Given the propensity of some people to either omit encoding headers altogether
or supply the wrong values with them, the "right thing" can only be defined as
"do whatever the hell you want and stop bitching if you don't like the way it
comes out on your screen"....

And before you tell me to change newsreaders, please suggest how I can do this
with a web browser on a computer where there's no form of Outlook installed and
a firewall proxy that I can't get the password for, and that will allow me to
access binaries....r

Keith F. Lynch

unread,
Nov 28, 2009, 3:17:21 PM11/28/09
to
cryptoguy <treif...@gmail.com> wrote:
> ..and is non-compliant with RFC 2277, which states that protocols
> MUST support UTF-8.

This is Usenet, which predates the Internet. RFCs apply only to
the latter.

I'm not going to apologize for software which treats one byte as one
character and three bytes as three characters. Anyhow, I didn't write
it. If you think trn is wrong, complain to its authors, not to me.
I'm using the latest version.

> "Keith F. Lynch" <k...@KeithLynch.net> wrote:
>> It's true that it doesn't support other alphabets such as Greek,
>> Cyrillic, Hebrew, Arabic, Japanese, or Chinese. But since I can't
>> read the languages that are written in those alphabets, it doesn't
>> matter. Nothing posted in English should require more than ISO-8859-1.

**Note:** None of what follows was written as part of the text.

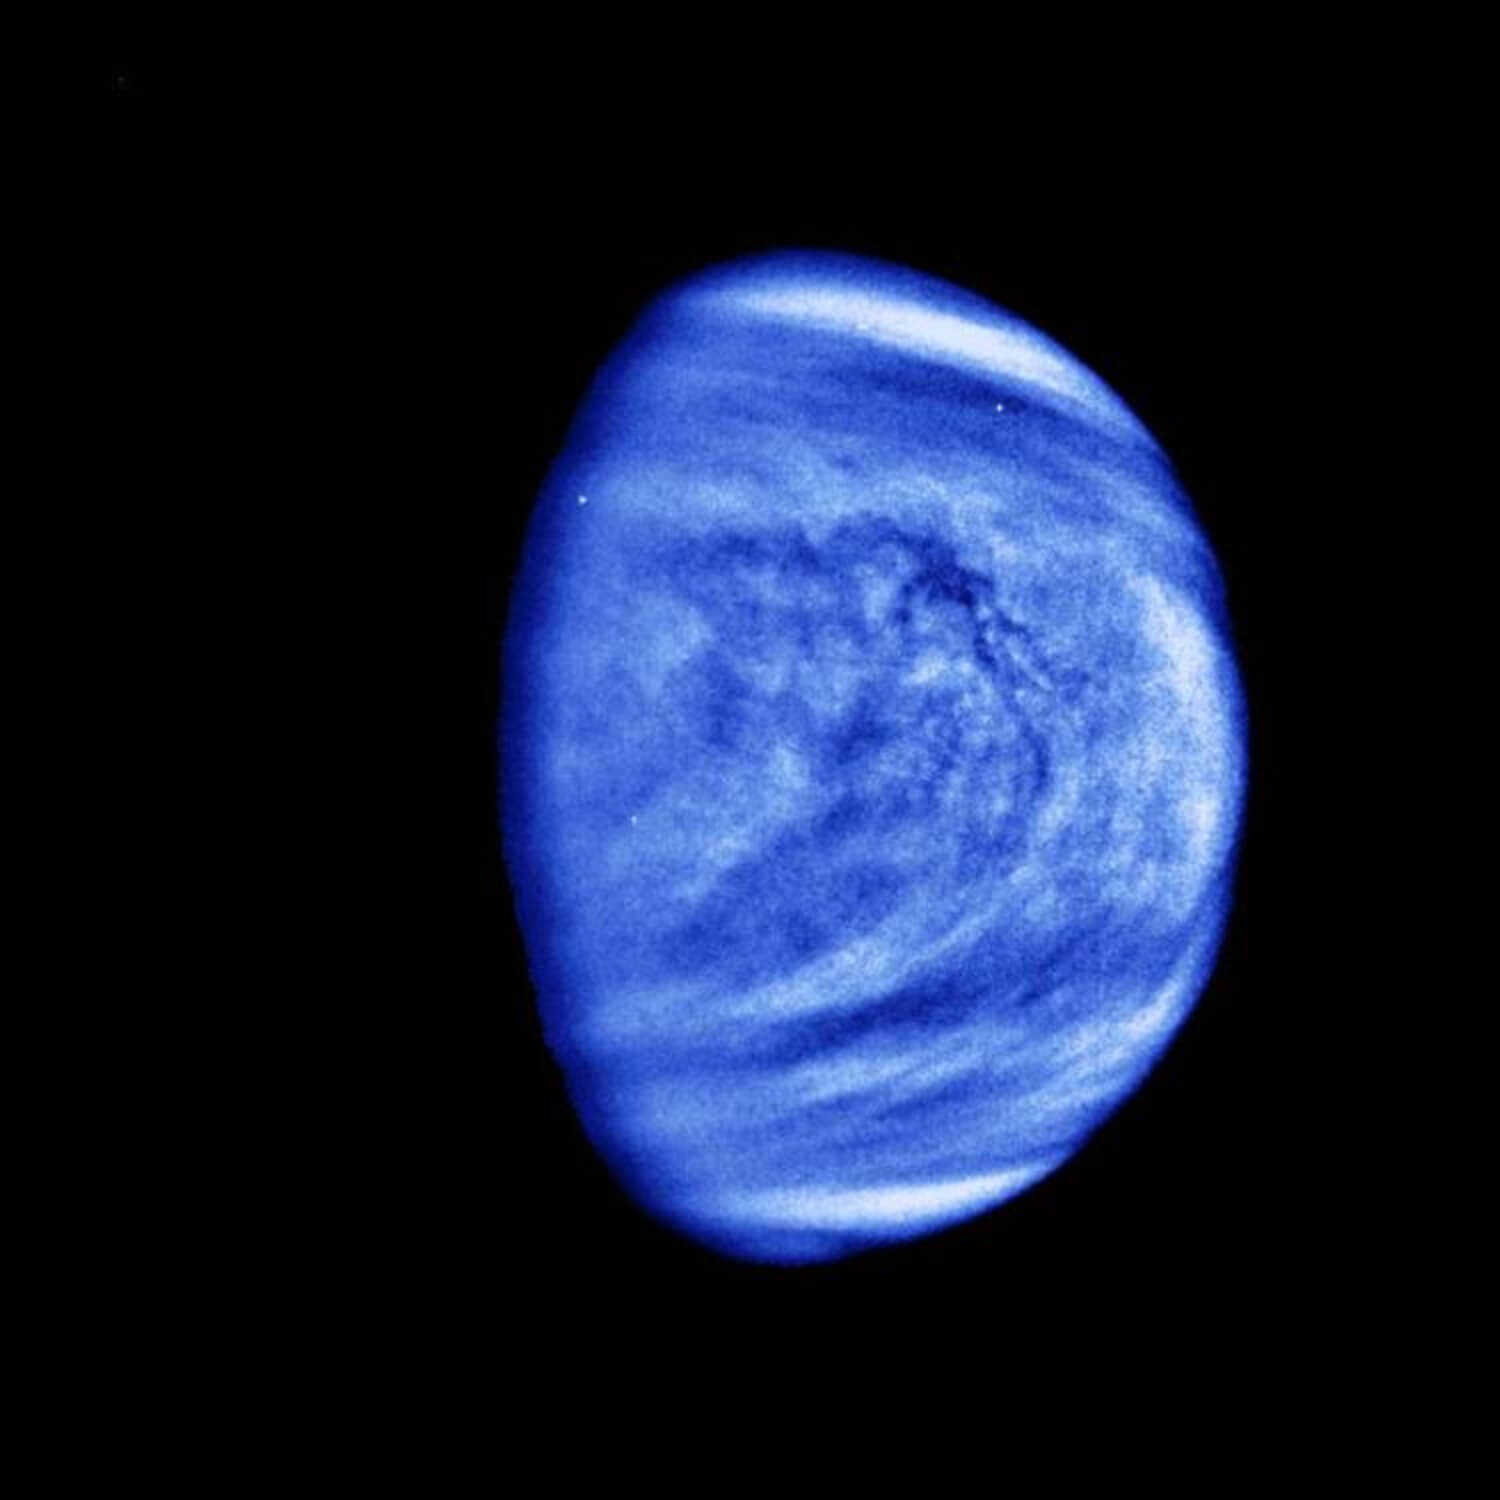 An image of Venus taken by NASA's Galileo spacecraft in 1990, shown in false color to highlight the sulfuric acid clouds swirling above the planet's surface
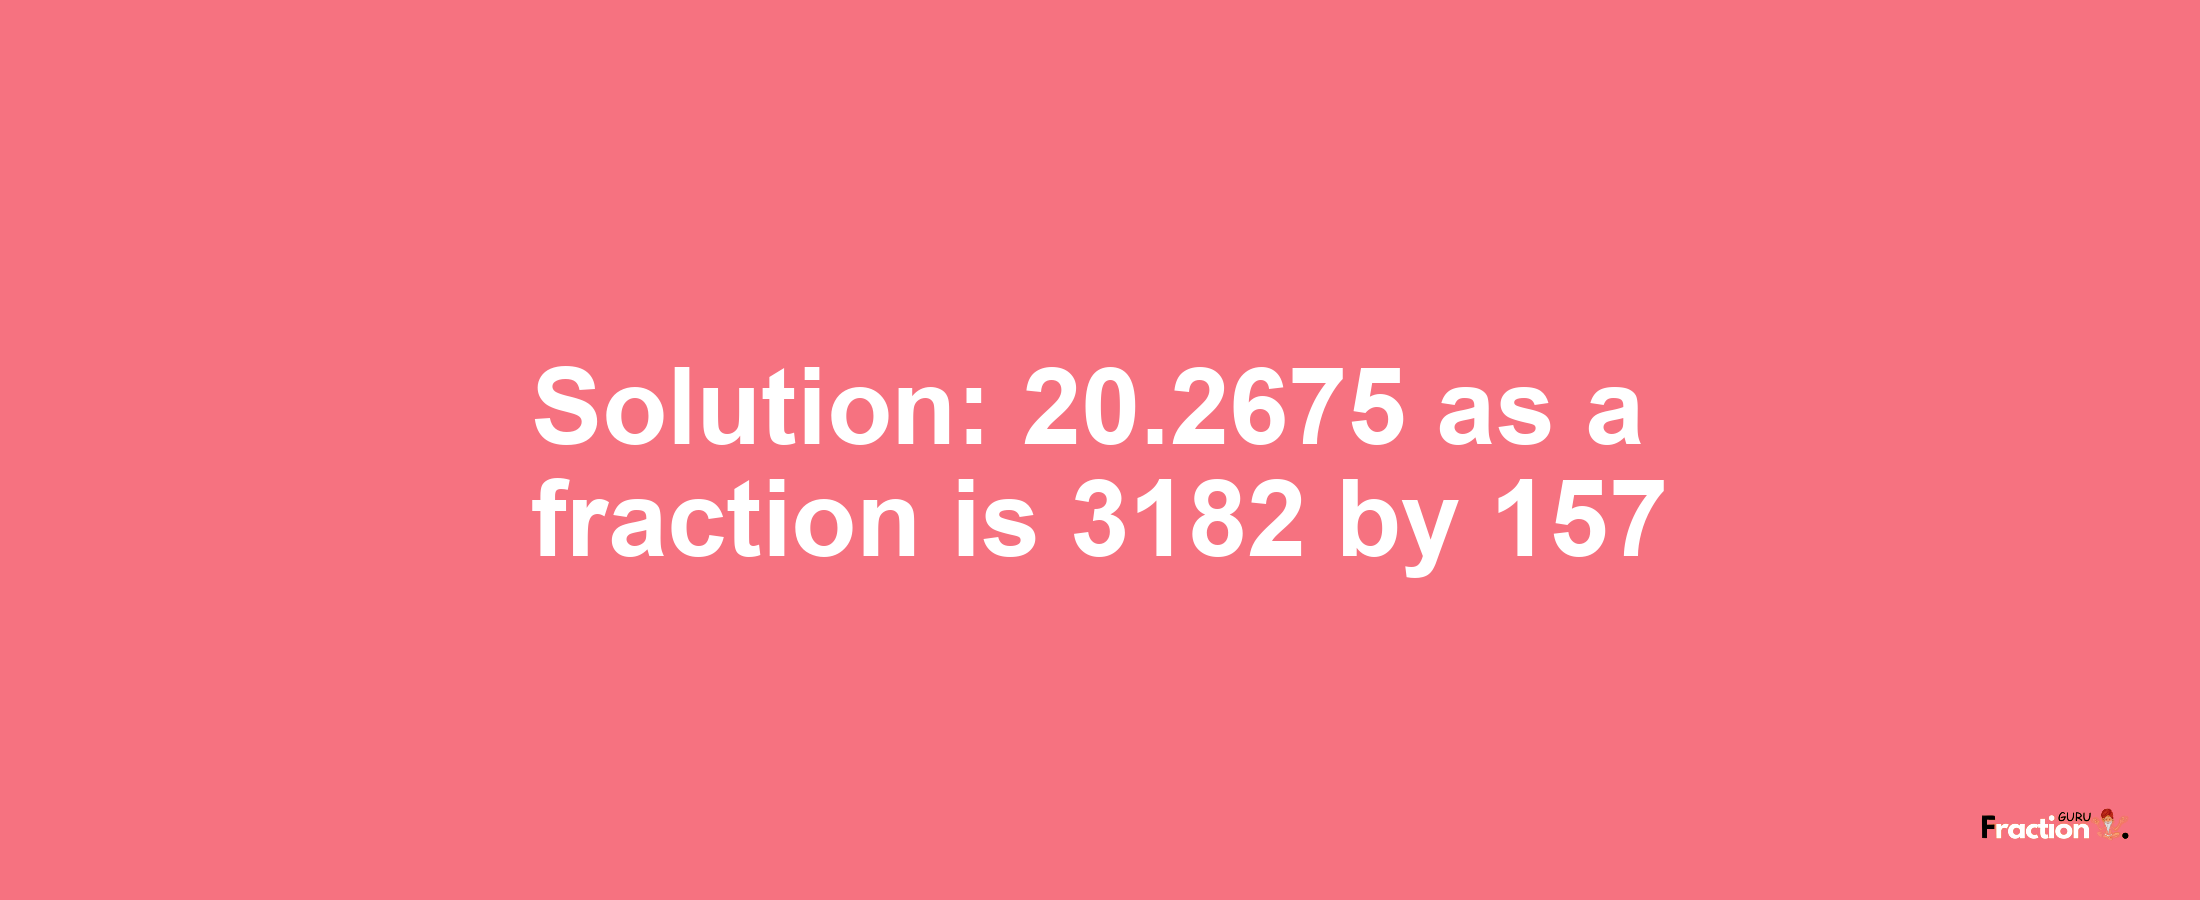 Solution:20.2675 as a fraction is 3182/157

> I'm unaware of an RFC that mandatets the use of English on Usenet.
> Can you give me a cite?

Can you give me a cite of where I made any such claim?

Other languages have their own newsgroups, websites, and email lists.
And, where necessary, their own character codes. As I said, Unicode
is only useful if you insist on seeing several alphabets *on the same
page*. There is very little demand for that.

Posting in other languages in afu and rasfw will result in widespread
incomprehension, even if every character displays correctly, since not
everyone can read every language. But you knew that. You're just
arguing to be arguing.

>> (Actually, my terminal does support uploadable fonts.)

> So fix it so it does The Right Thing. You claim to be a hotshot
> programmer.

>> In just the past week, Michal's name has appeared here as:
>> Michal Dwuznik
>> Micha? Dwu?nik
>> Micha\205 Dwu\205\274nik
>> Micha\305 Dwu\305\274nik
>> Micha\305\202 Dwu\305\274nik
>> Micha\303\205 Dwu\303\205\305\222nik
>> Micha\357\277\275 Dwu\305\274nik
>> Micha\303\205 Dwu\303\205\205\222nik
>> Micha=C5 Dwu=C5=3Fnik
>> Micha=C5 Dwu=C5=3D3Fnik
>> Micha=EF=BF=3D3F Dwu=C5=3D3Fnik
>> Micha=3DEF=3DBF=3D3D3F Dwu=3DC5=3D3D3Fnik
>> =?UTF-8?B?TWljaGHFgiBEd3XFvG5paw==?

And you suggest I write something that will turn each and every one of
these into the same thing, in other words undo arbitrary mangling done
by other systems?

> You're missing the representation in my reader, which showed it
> correctly (that is, none of the above).

You completely missed my point, as usual. If everyone but me were
compliant, then that name might appear wrongly to me, but it would
always appear to me with *the same* wrongness. So I conclude that
many people here are not compliant, and are seeing gibberish.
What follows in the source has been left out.